Is this to be expected and what can I do to improve?

##
**With DMGregory’s suggestions on stackexchange:**

I tried,

- Multiplying joint matrices by position vector, then summing the results.
- Pre-multiplying model with joint matrices on cpu.

It looks like this now;

```
vec4 positionVec4 = vec4(position, 1.0);
vec4 sum =
meshUniform.jointMatrices[joints[0]] * weights[0] * positionVec4 +
meshUniform.jointMatrices[joints[1]] * weights[1] * positionVec4 +
meshUniform.jointMatrices[joints[2]] * weights[2] * positionVec4 +
meshUniform.jointMatrices[joints[3]] * weights[3] * positionVec4;
positionVec4 = sum;
```

**It’s still taking 5-6ms to run.**

Someone in lwjgl forums posted a question similar to mine in 2012.

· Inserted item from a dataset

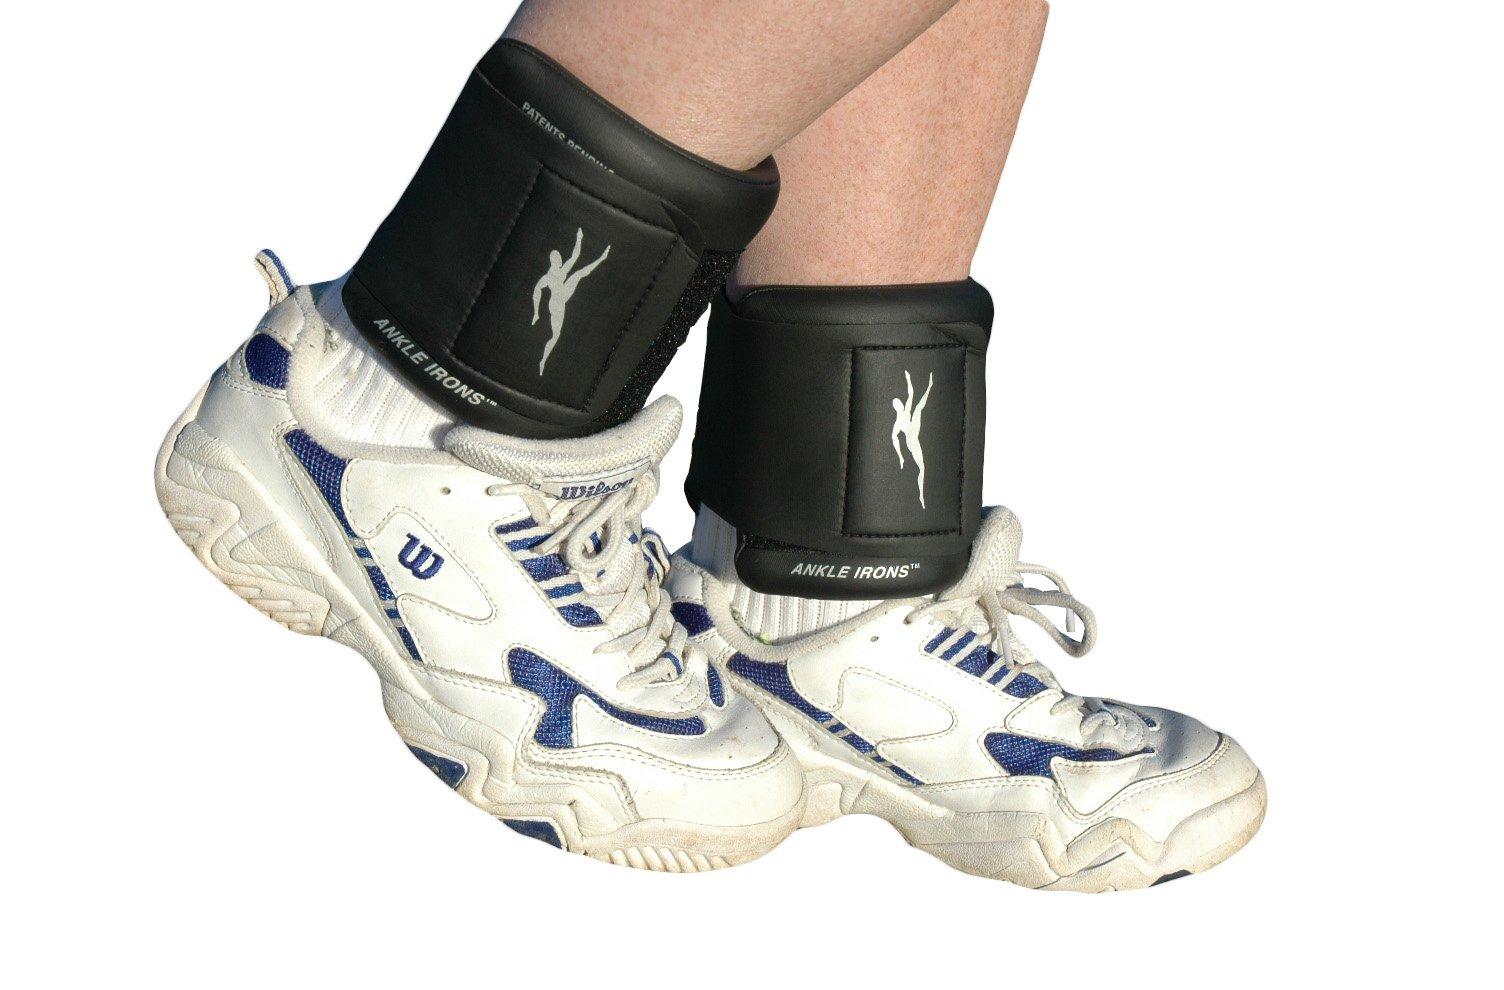 Ironwear Ankle-Wrist Irons Champion SeriesFlex-Metal 2.5lbs Each, 5lb Pair

(Again, i cant include links)

In his last message he said;

using a constant as the array index while accessing boneMatrixes

brings performance up

Sure enough if I exclude *joints* array lookup from above code like this;

```
vec4 positionVec4 = vec4(position, 1.0);
vec4 sum =
meshUniform.jointMatrices[0] * weights[0] * positionVec4 +
meshUniform.jointMatrices[1] * weights[1] * positionVec4 +
meshUniform.jointMatrices[2] * weights[2] * positionVec4 +
meshUniform.jointMatrices[3] * weights[3] * positionVec4;
positionVec4 = sum;
```

**It renders in 1ms.** But of course resulting image is not correct.

Maybe it will give some ideas to more experienced people on OpenGL.